= Daniel Spill =

British businessman

Daniel Spill (11 February 1832 – 1887) was born in Winterbourne, Gloucestershire, England. He became a rubber and an early thermoplastics manufacturer. For over 20 years Spill had pursued the goal of making a successful business from Alexander Parkes' invention Parkesine, the first man-made plastic.

==Career==
Although he trained as a doctor he joined the business of his brother George. The firm of George Spill & Co. manufactured waterproof textiles in Stepney Green, East London by spreading rubber onto cloth. The material was much in demand for capes and groundsheets for soldiers in the wet conditions of the Crimean War.

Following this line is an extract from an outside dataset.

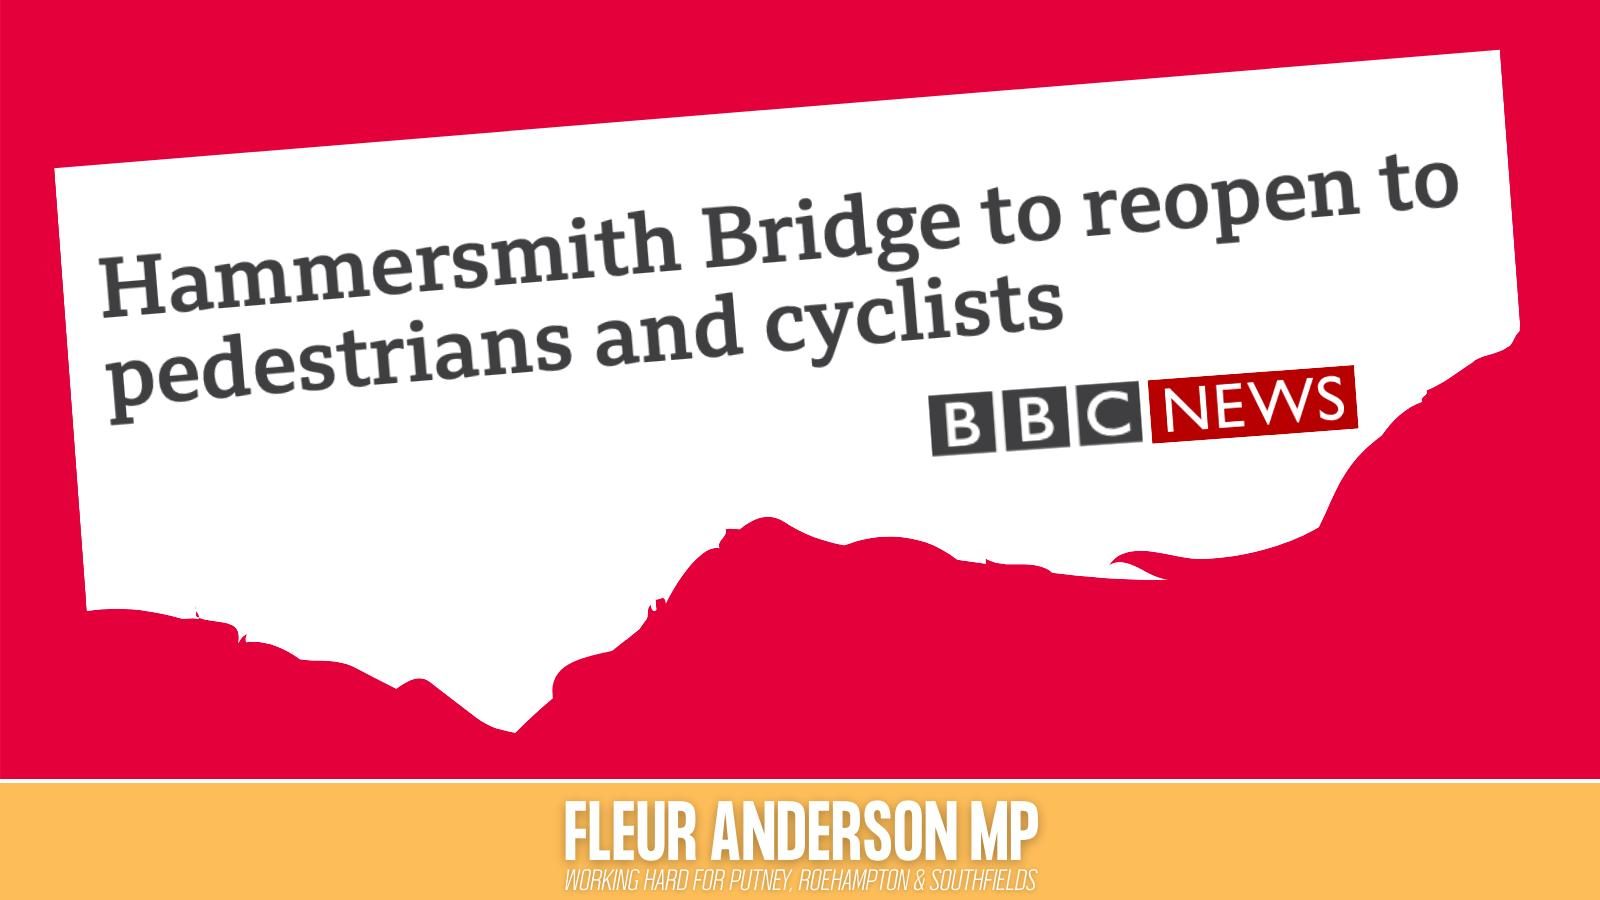 Hammersmith Bridge News

Spill became aware of Parkes' claim for the waterproof qualities of Parkesine probably at the 1862 exhibition. Negotiations led to an agreement not only to use it for waterproofing but also to develop Parkesine in the works of George Spill at Hackney Wick. A provisional patent was granted in 1863 to the Spill brothers and Thomas James Briggs concerning "improvements in the manufacture of driving straps or bands and of flexible tubes or hose"

In 1866, the Parkesine Company was established with Daniel Spill as works manager and Parkes as managing director. The Company did not prosper and was wound up in 1868, Spill taking over most of the stock. He formed the Xylonite Company in 1869 to carry on the business but that did not fare much better and was wound up in 1874.

Undaunted by these failures, Spill established Daniel Spill & Co. in Homerton, continuing to make Xylonite and Ivoride. This enterprise succeeded in that others entered into an agreement with Spill in 1877 to form the British Xylonite Company in purpose-built premises at Brantham. This company did go on and prosper, going on to employ 1,160 people by 1902 and changed its name to BX Plastics.

Spill's later years were largely occupied in a long legal battle in America with John Wesley Hyatt and the Celluloid Manufacturing Company for infringement of his patents. The lawsuit which was filed in 1875, was first found in his favour in 1880 even after Parkes testified on behalf of Hyatt, but reversed in 1884. Spill returned to England and in 1887 died of diabetes at the age of 55.

==Personal life==
He married at the age of 18; his bride was 15. In 1881 Spill was listed as a retired manufacturer in the 1881 census of Leyton High Street, living with his wife and daughter and his nephew George, an India Rubber Manufacturer.